# Data block
=====

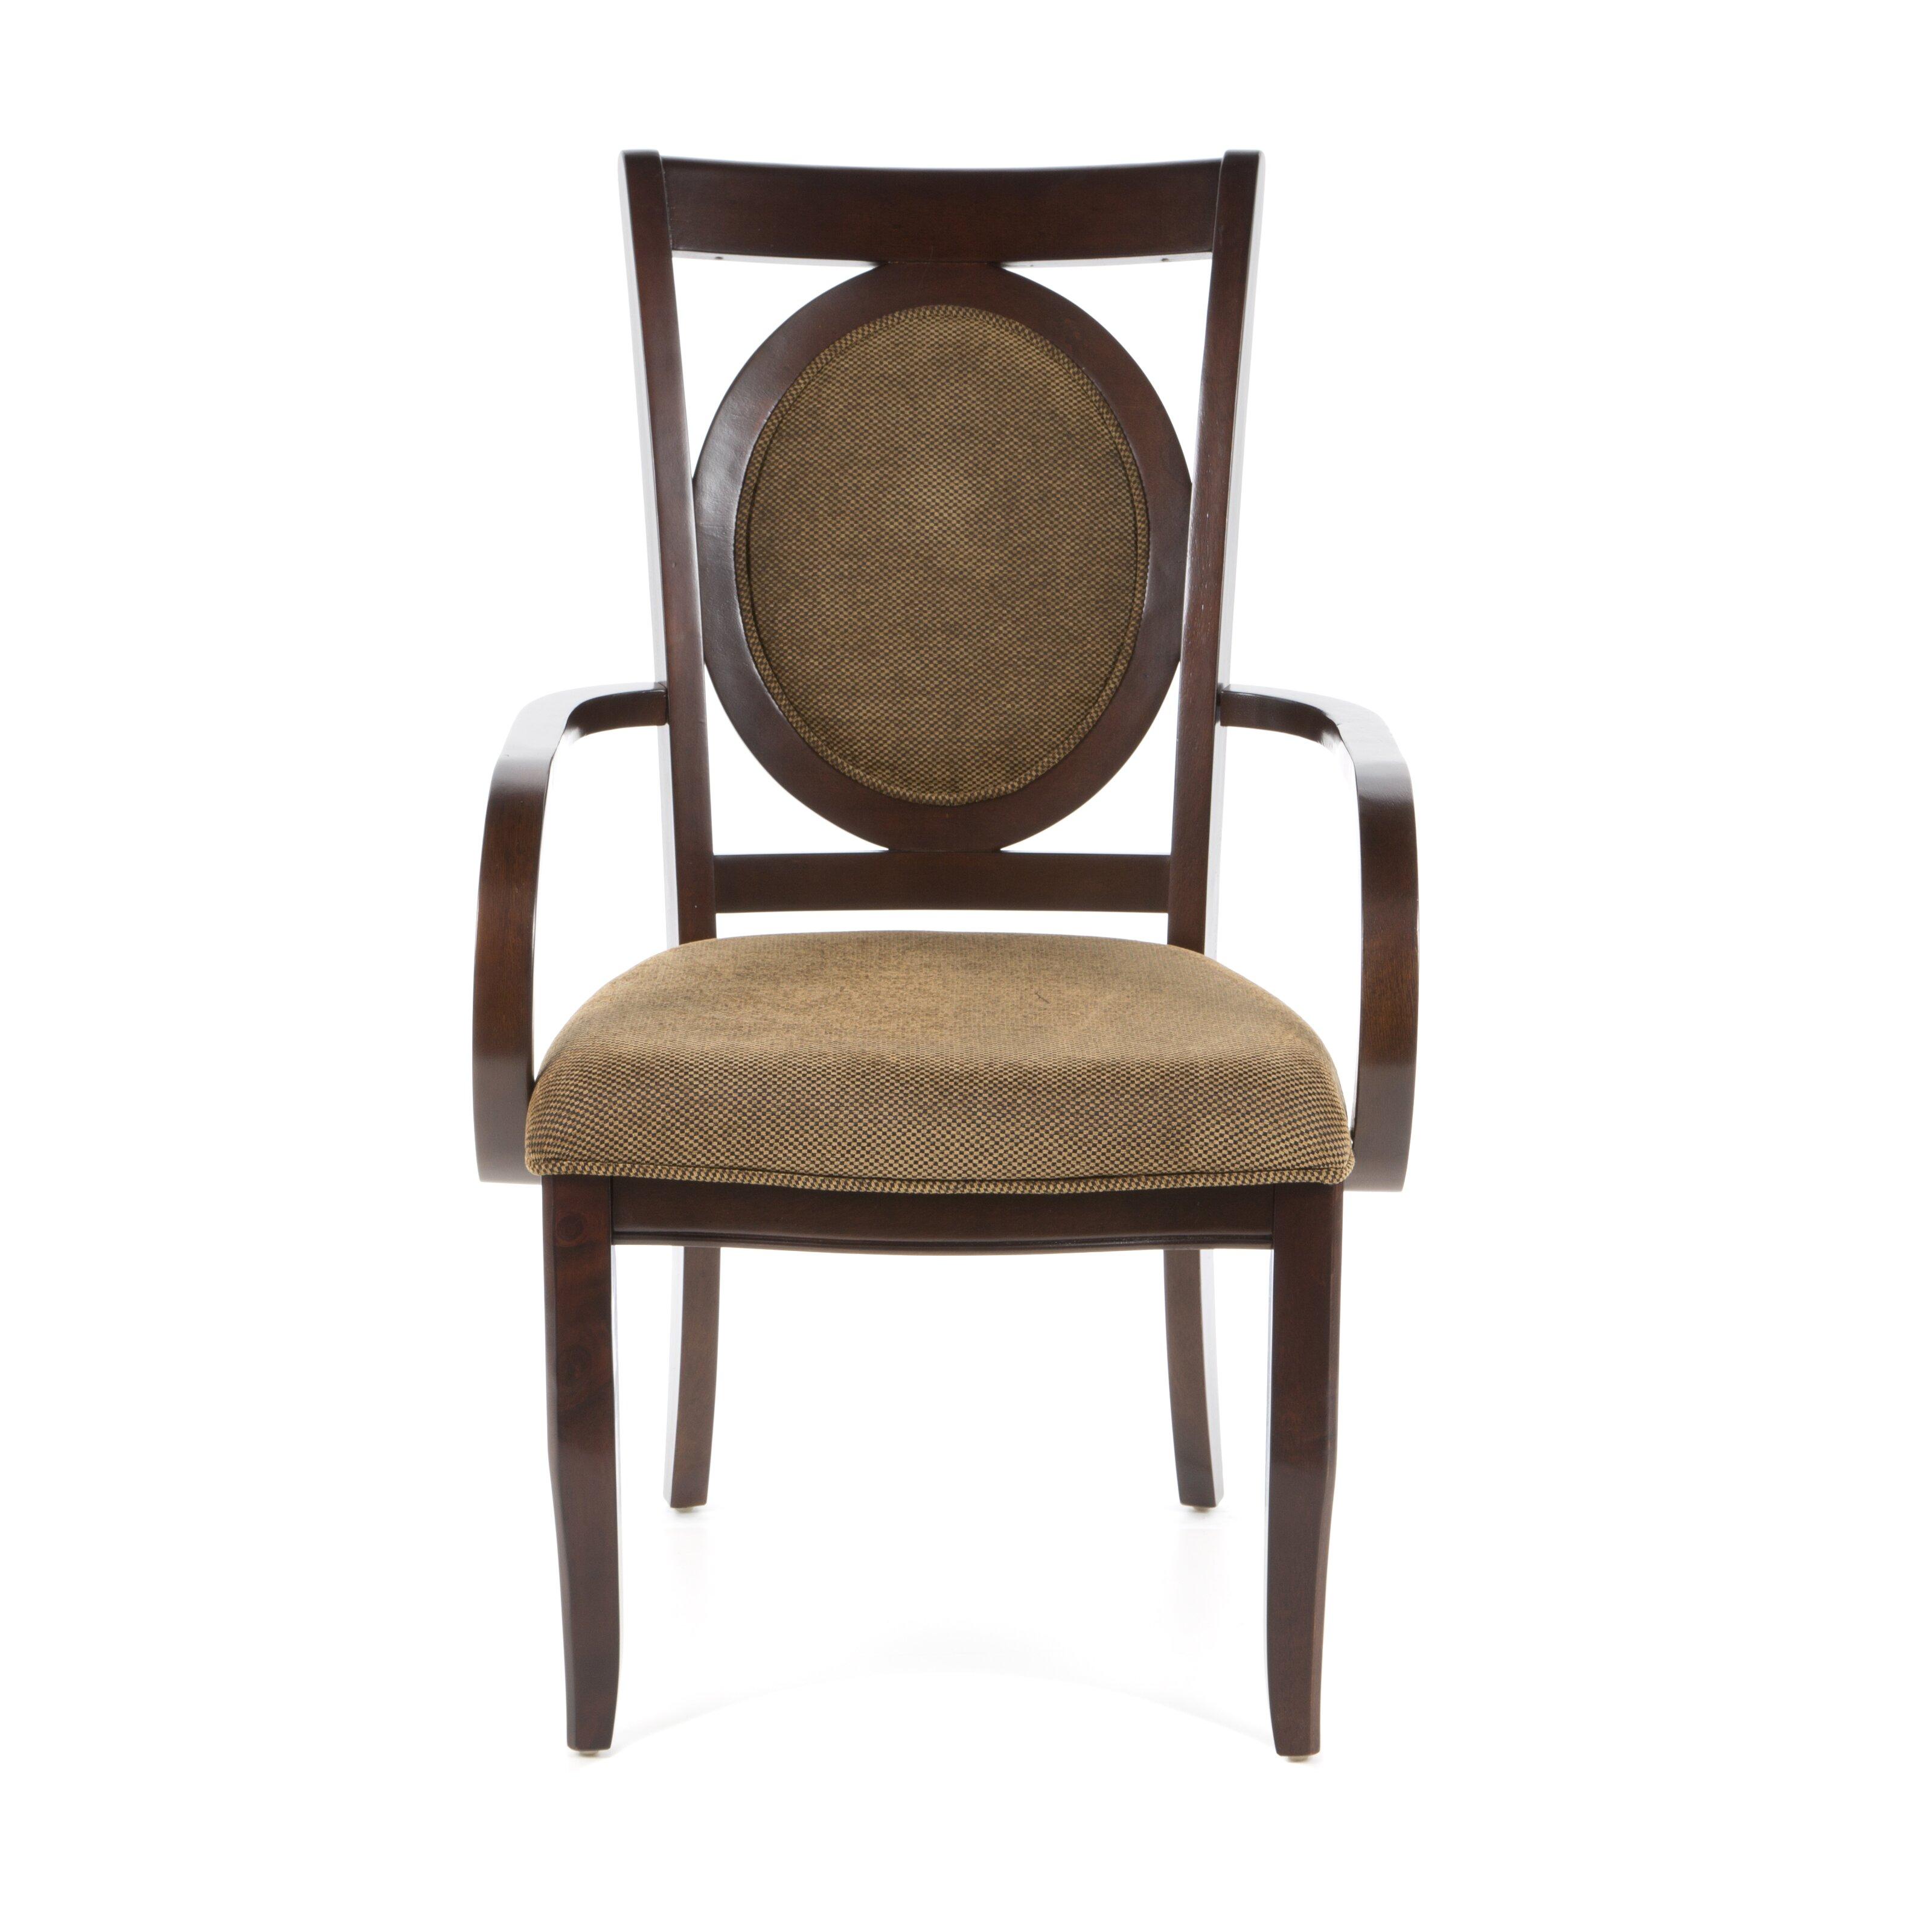 Steve Silver Furniture Montblanc Arm Chair Reviews Wayfair
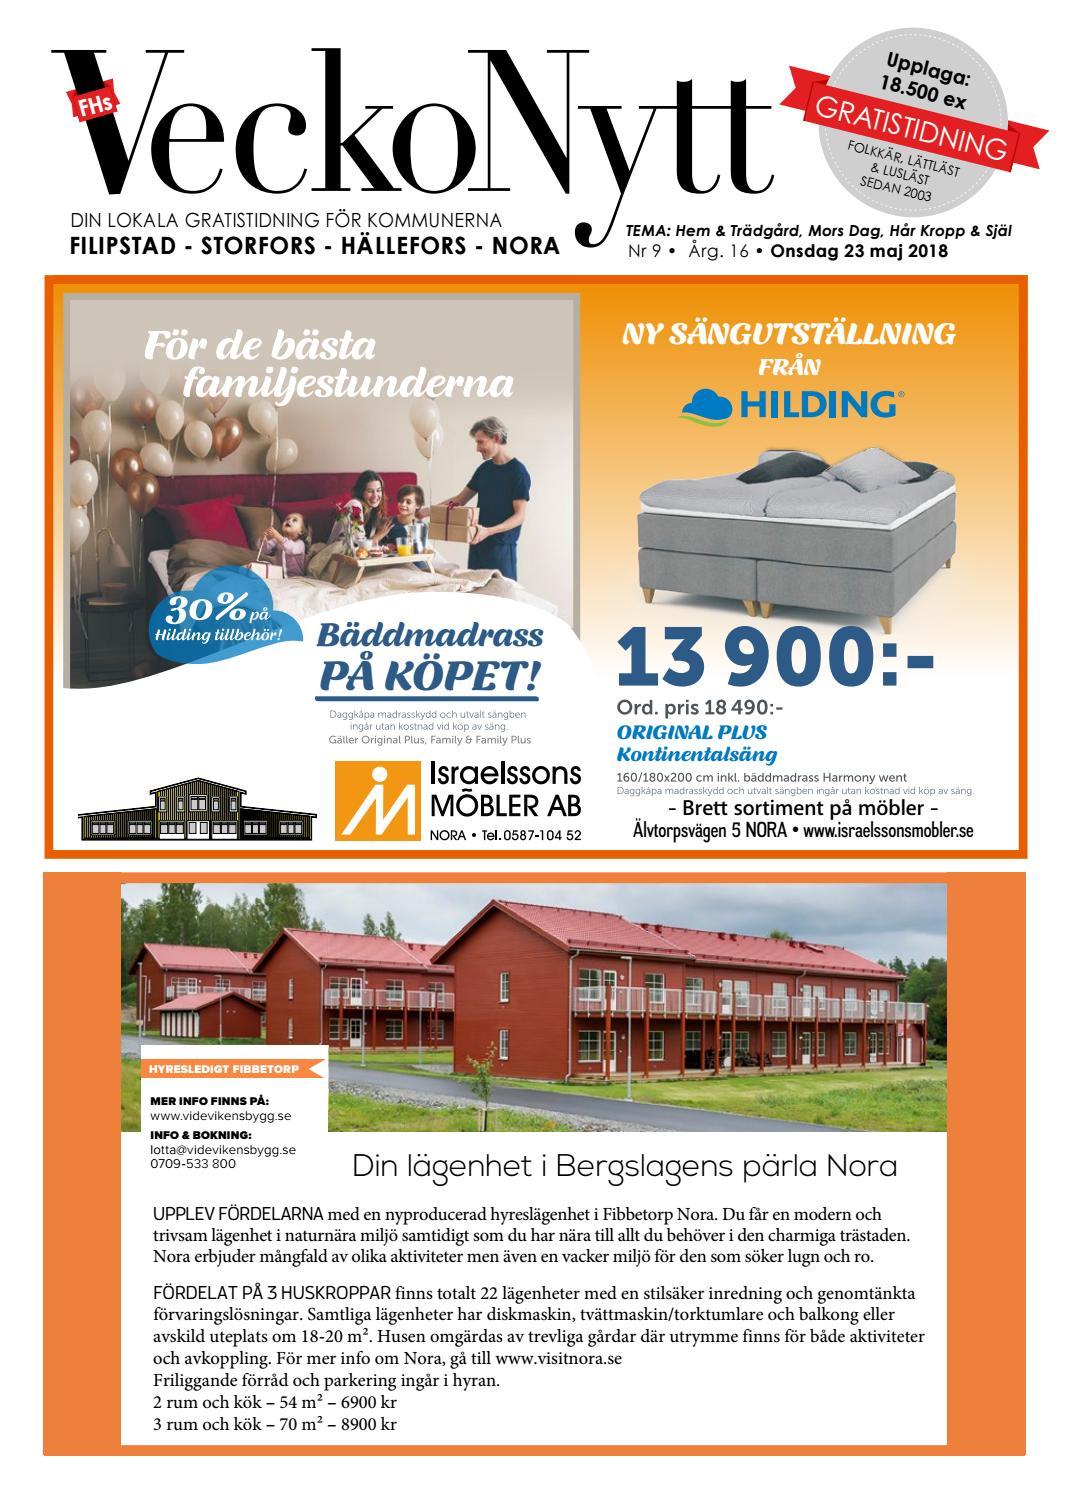 Tage Vidar Persson, Hjulsj 8, Hllefors | patient-survey.net
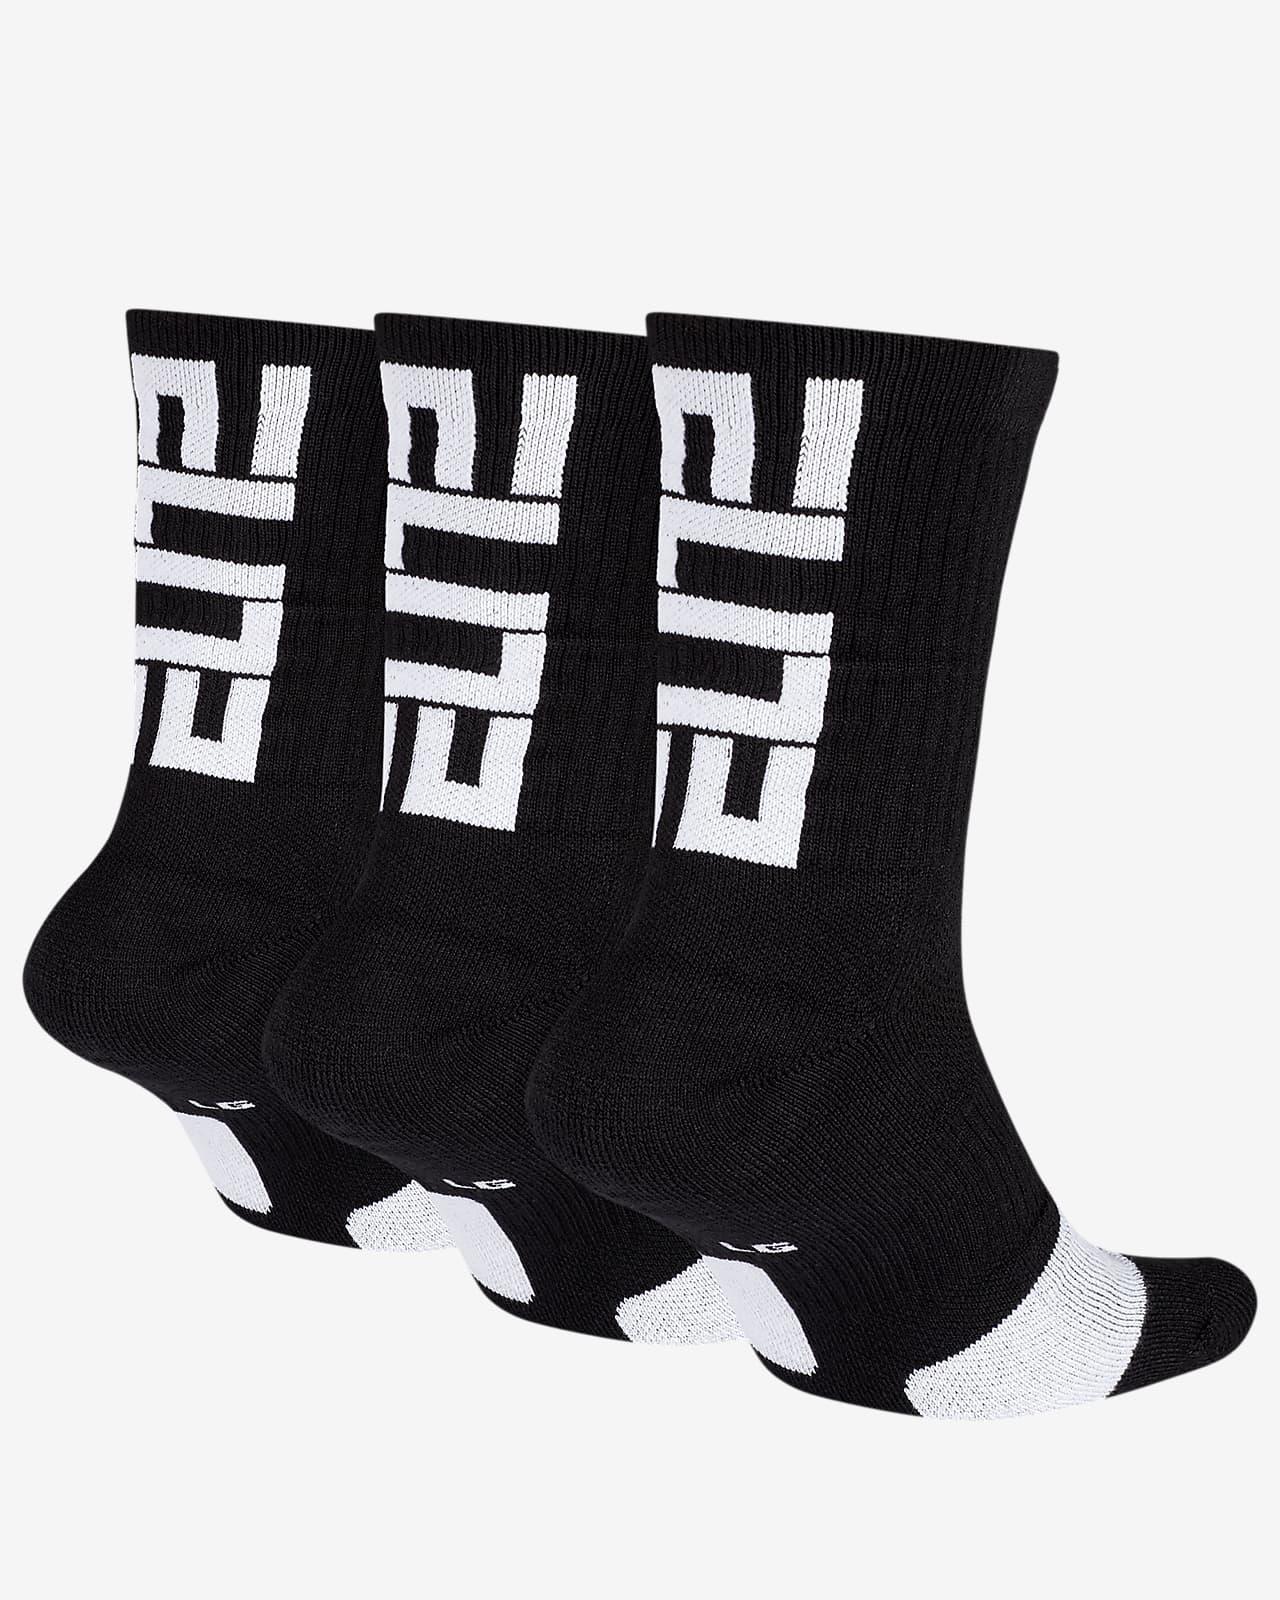 Nike Elite Basketball Crew Socks (3
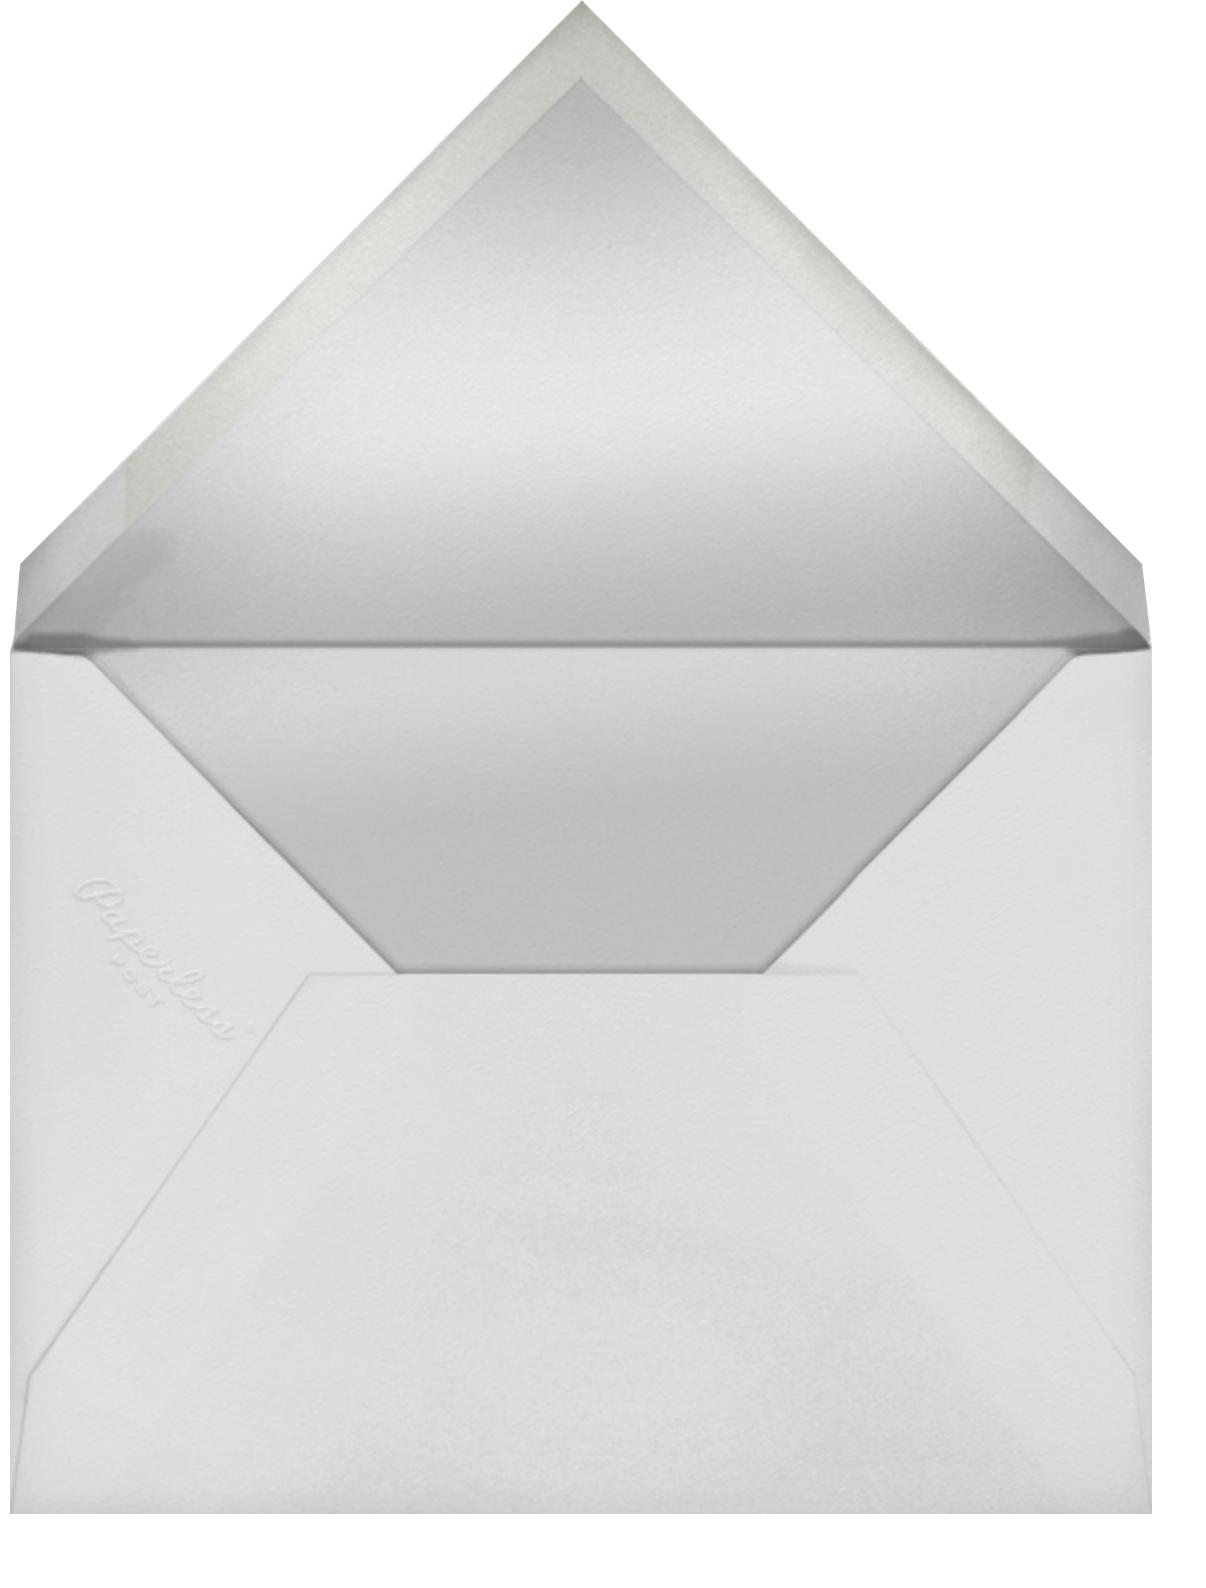 Floral Glade (Menu) - Rifle Paper Co. - Rifle Paper Co. - envelope back

=====

# Exercise goal
Set down the material above exactly as it reads, but not its pictures.

# Written reply
 Steve Silver Furniture Montblanc Arm Chair Reviews Wayfair
 Tage Vidar Persson, Hjulsj 8, Hllefors | patient-survey.net
 Nike Elite Basketball Crew Socks (3
 Floral Glade (Menu) - Rifle Paper Co. - Rifle Paper Co. - envelope back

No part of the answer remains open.